**Problem details**
Could you repeat the listing below exactly while leaving its pictures behind?

---------- Provided data ----------

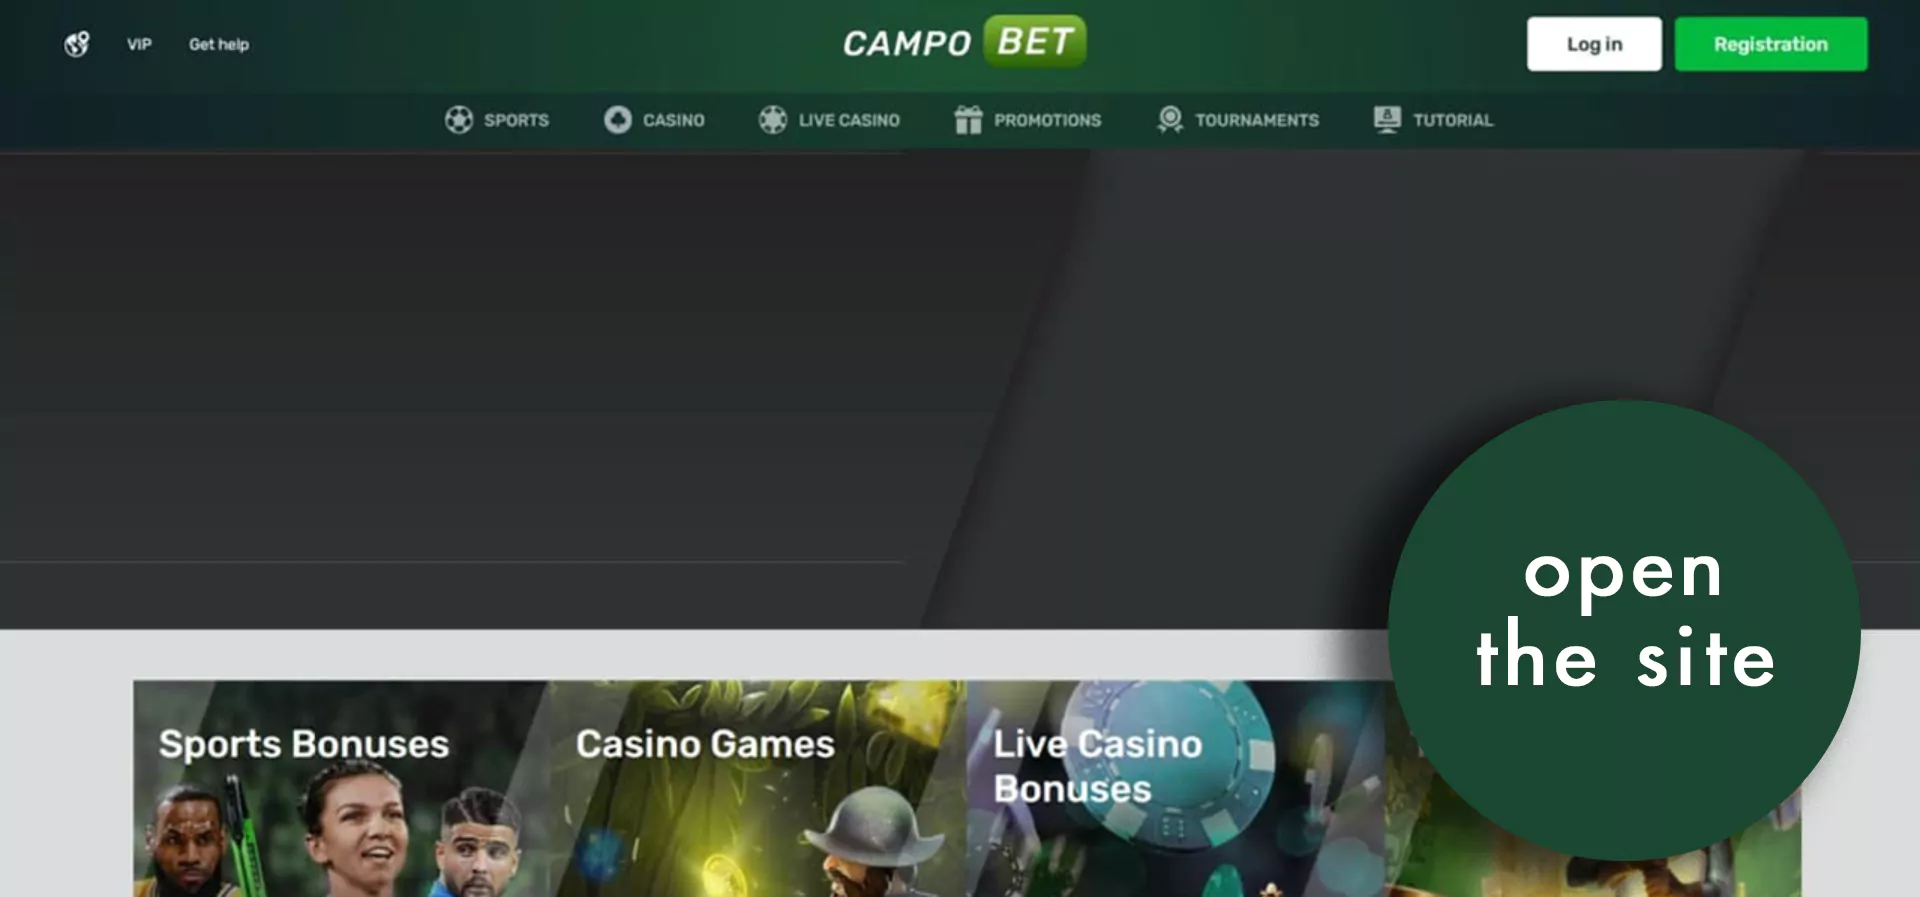 Open the official site of Campobet in a browser.
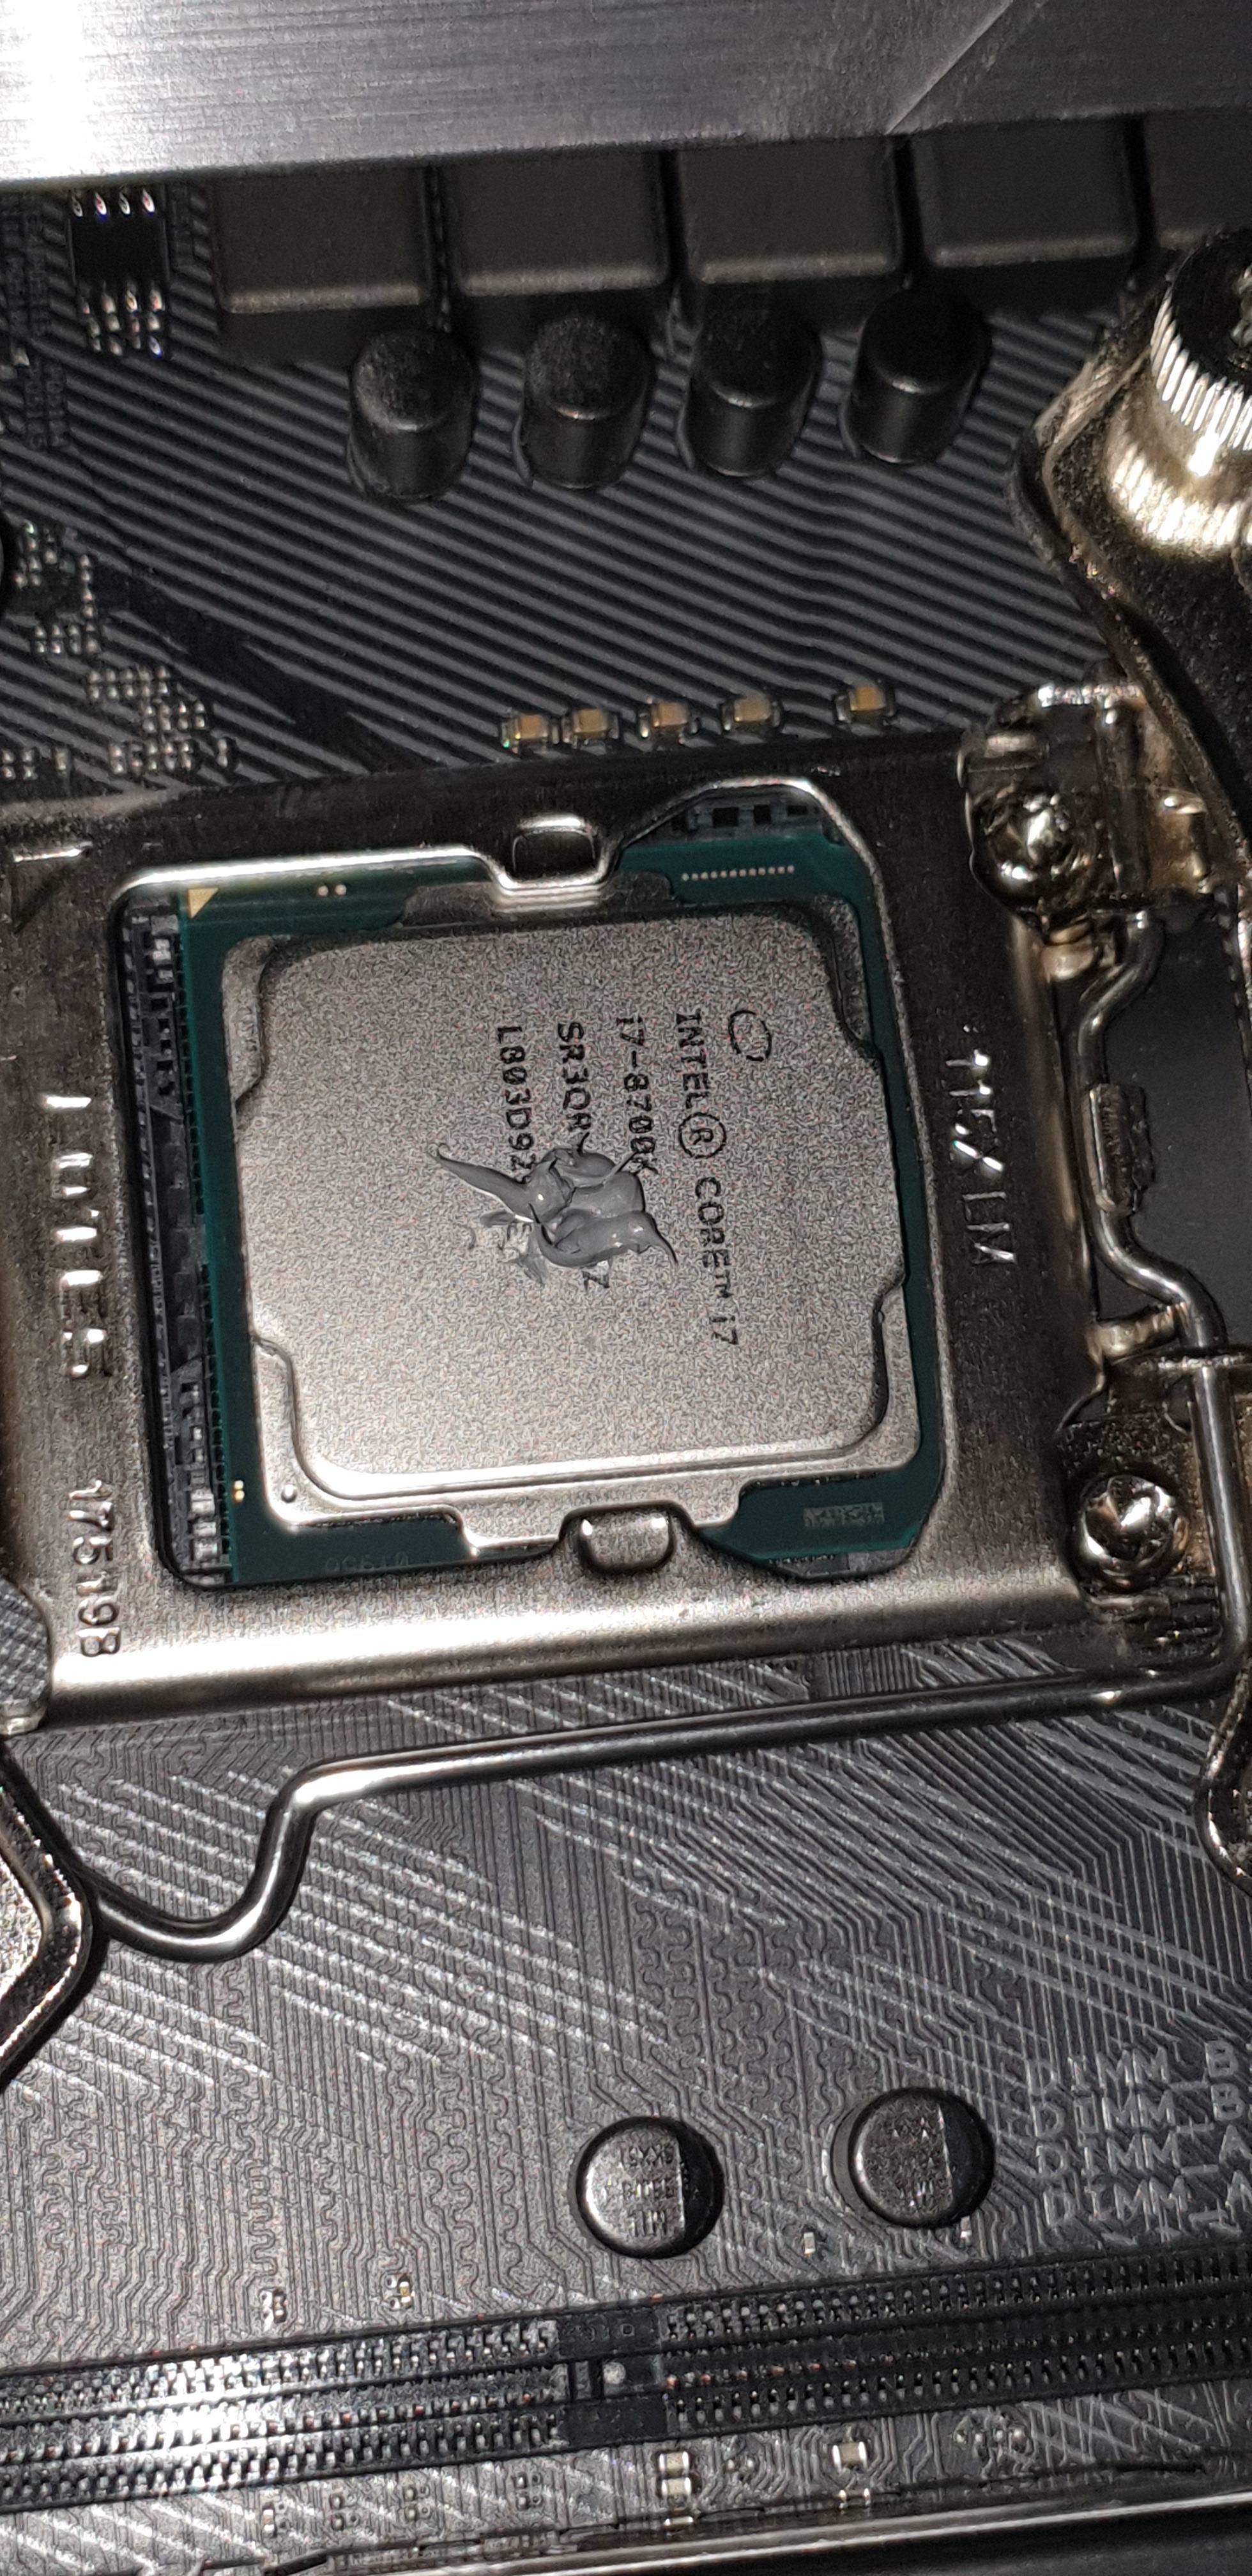 How much thermal paste should I use?
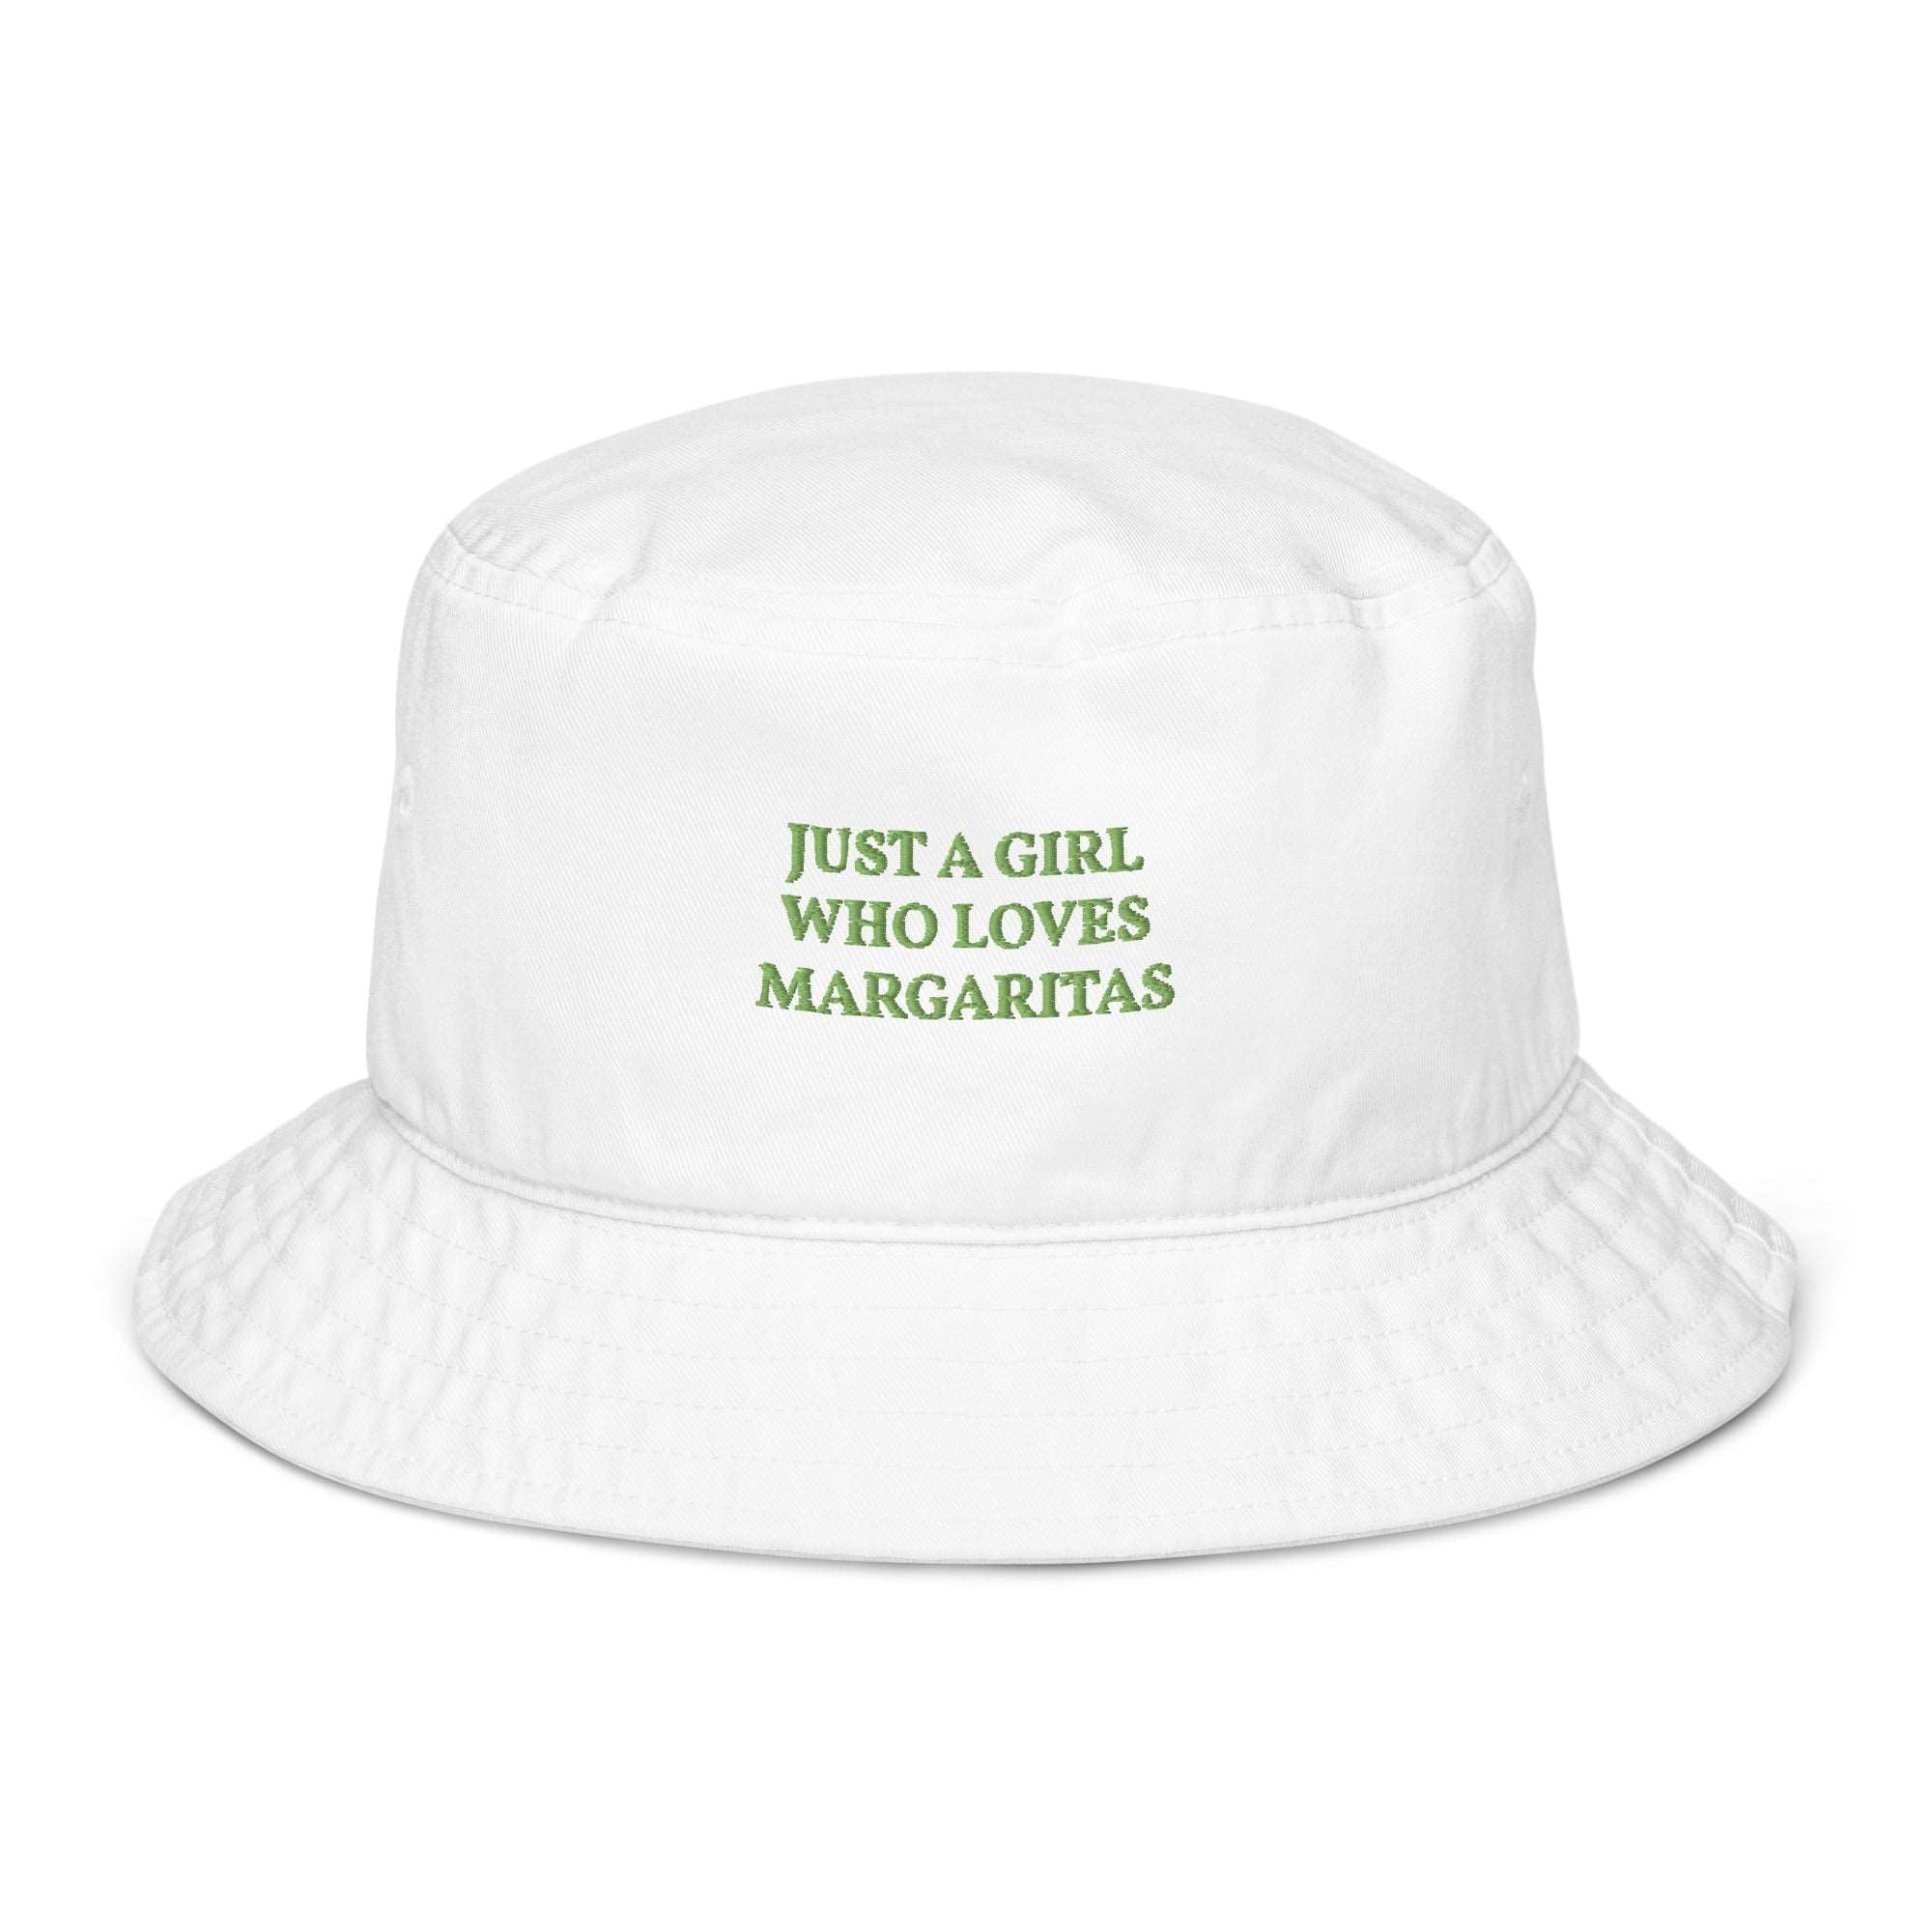 Just a Girl who loves Margaritas - Organic Embroidered Bucket Hat - The Refined Spirit

----------

**Solution to this exercise**
 Open the official site of Campobet in a browser.
 How much thermal paste should I use?
 Just a Girl who loves Margaritas - Organic Embroidered Bucket Hat - The Refined Spirit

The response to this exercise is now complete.